Solution: The period of the minute hand is $$ T _ { 1 } = 1 \mathrm {~h} $$ The period of the hour hand is $$ T _ { 2 } = 12 \mathrm {~h} $$ According to $$ T = \frac { 2 \pi } { \omega } $$ It is known that the ratio of the angular velocity of the minute hand to that of the hour hand is $$ \frac { \omega _ { 1 } } { \omega _ { 2 } } = \frac { T _ { 2 } } { T _ { 1 } } = \frac { 12 } { 1 } $$

Question 26

Question 26: As shown in the figure, a weight $P$ is placed on a long wooden board $O A$, and the weight $P$ rema...
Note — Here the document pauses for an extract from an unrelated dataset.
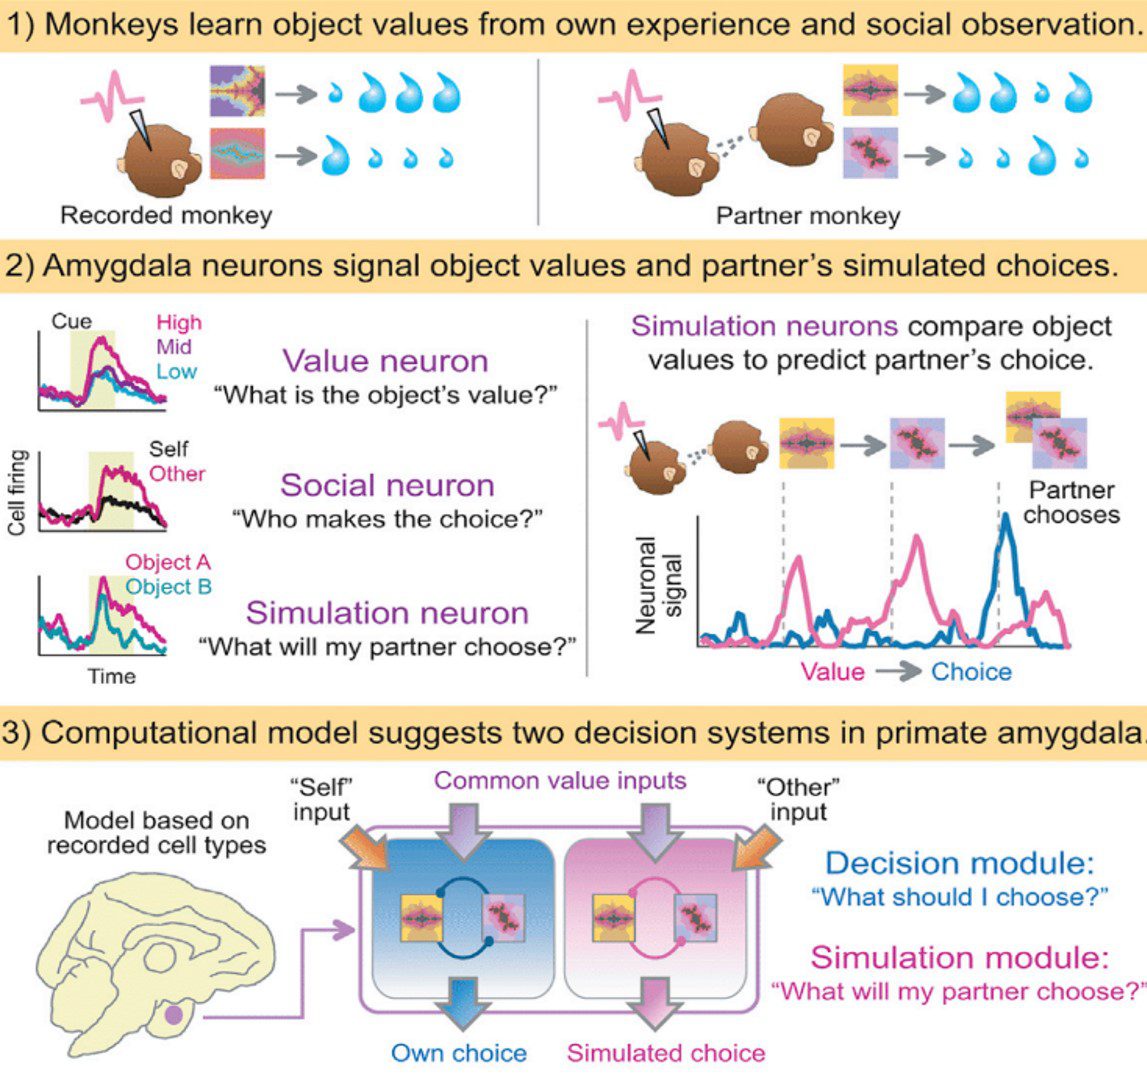 las neuronas “mindreading”,  células cerebrales capaces de tener expectativas sobre el comportamiento ajeno

As shown in the figure, a weight $P$ is placed on a long wooden board $O A$, and the weight $P$ remains stationary with respect to the board as it is turned around the $O$ end of the board at a small angle. The weight $P$ remains stationary with respect to the board. The work done on the friction and elasticity of the board on the weight $P$ is: ![](/images/questions/phys-circular-motion/image-006.jpg)
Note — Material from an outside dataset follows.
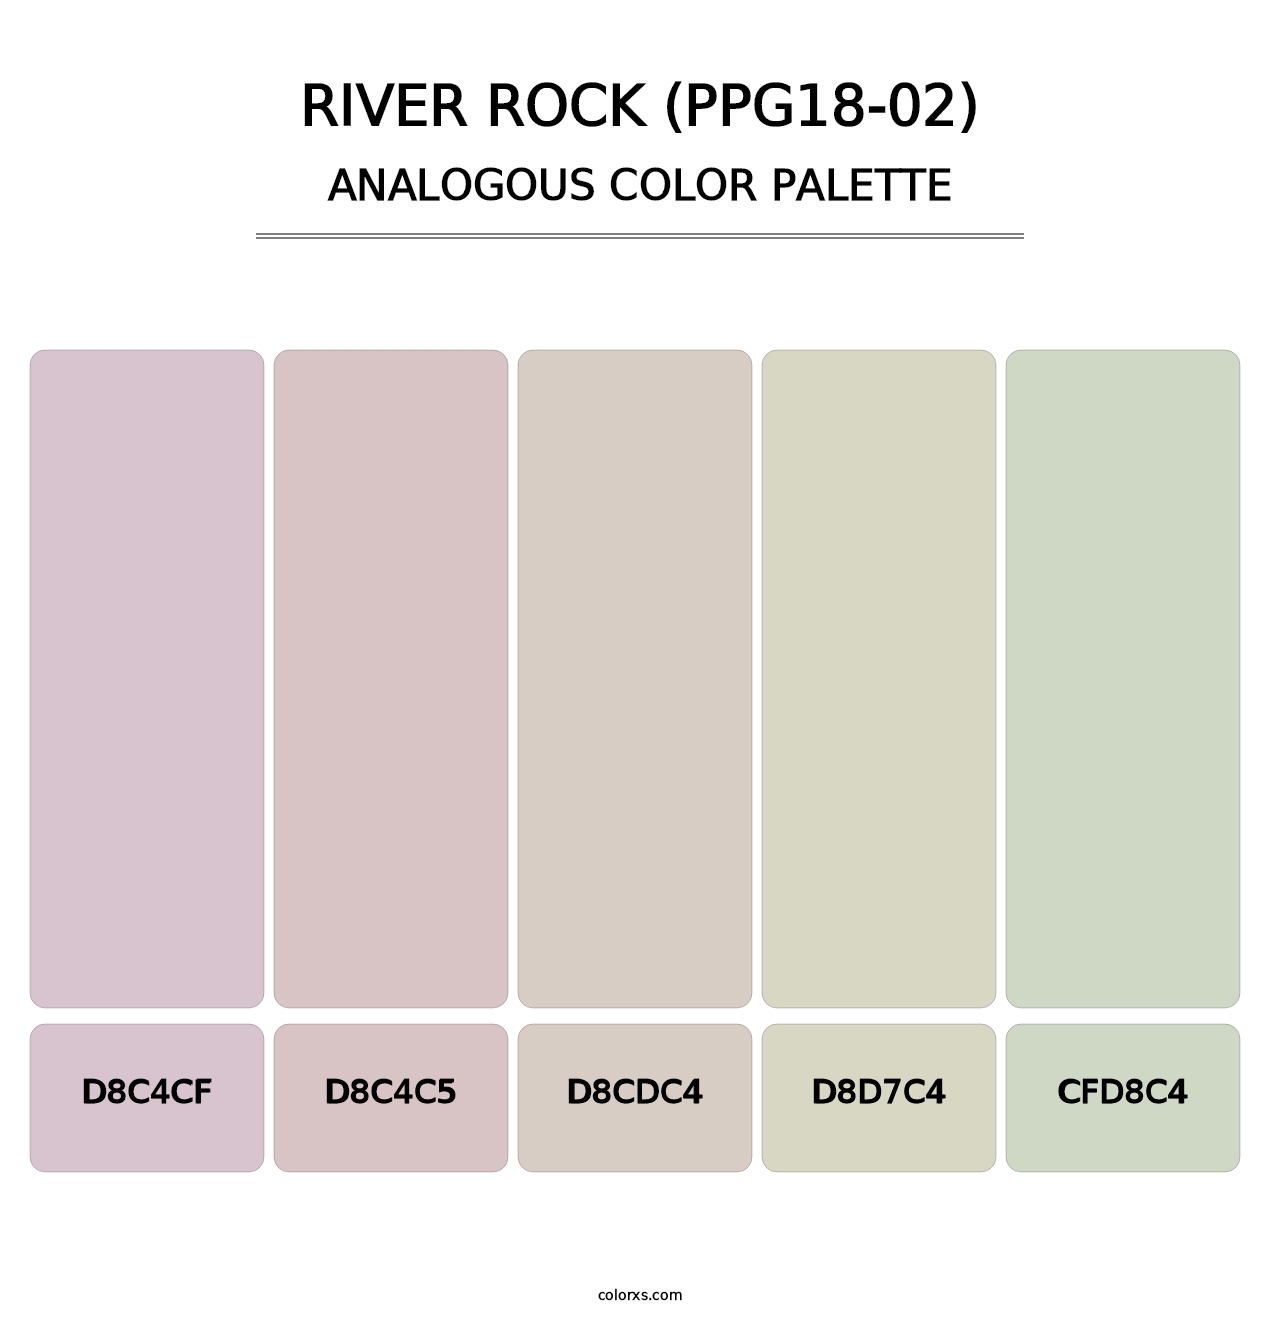 River Rock (PPG18-02) - Analogous Color Palette

A. A. Friction does no work on the weight
B. B. Friction does negative work on the weight
C. C. The elastic force does no work on the weight
D. D. The elastic force does negative work on the weight

Answer

Answer: A

Solution: The block is acted upon by gravity, support and friction, and in the process of turning a small angle, the displacement is in the upward direction, gravity does negative work on the block, and the elastic force does positive work on the object; the block is not sliding with respect to the board as it rises, so the friction force on the block does zero work on the block.

Question 27

Question 27: 27. The following statements are correct

27. The following statements are correct

A. A. Isaac Newton discovered the law of gravity and measured the value of the gravitational constant G.
B. B. Galileo's Dialogue of the Two New Sciences; Newton's Mathematical Principles of Natural Philosophy.
C. C. Newton invented the law of motion of falling bodies; Galileo discovered the law of inertia.
D. D. The Danish astronomer Tigu derived the laws of planetary motion by observing and studying the movements of the planets.

Answer

Answer: B

Solution: A. Newton discovered the law of gravity, and Cavendish measured the value of the gravitational constant $G$, so A is wrong; B. Galileo wrote Dialogue of Two New Sciences; Newton wrote Mathematical Principles of Natural Philosophy, so B is correct; C. Galileo invented the law of motion of falling bodies; Newton discovered the law of inertia, so C is wrong; D. Kepler through the planetary motion observation and study of the laws of planetary motion, so D error.

Question 28

Question 28: 28. The flight orbit of the Shenzhou VII spacecraft can be regarded as a near-Earth orbit, generally...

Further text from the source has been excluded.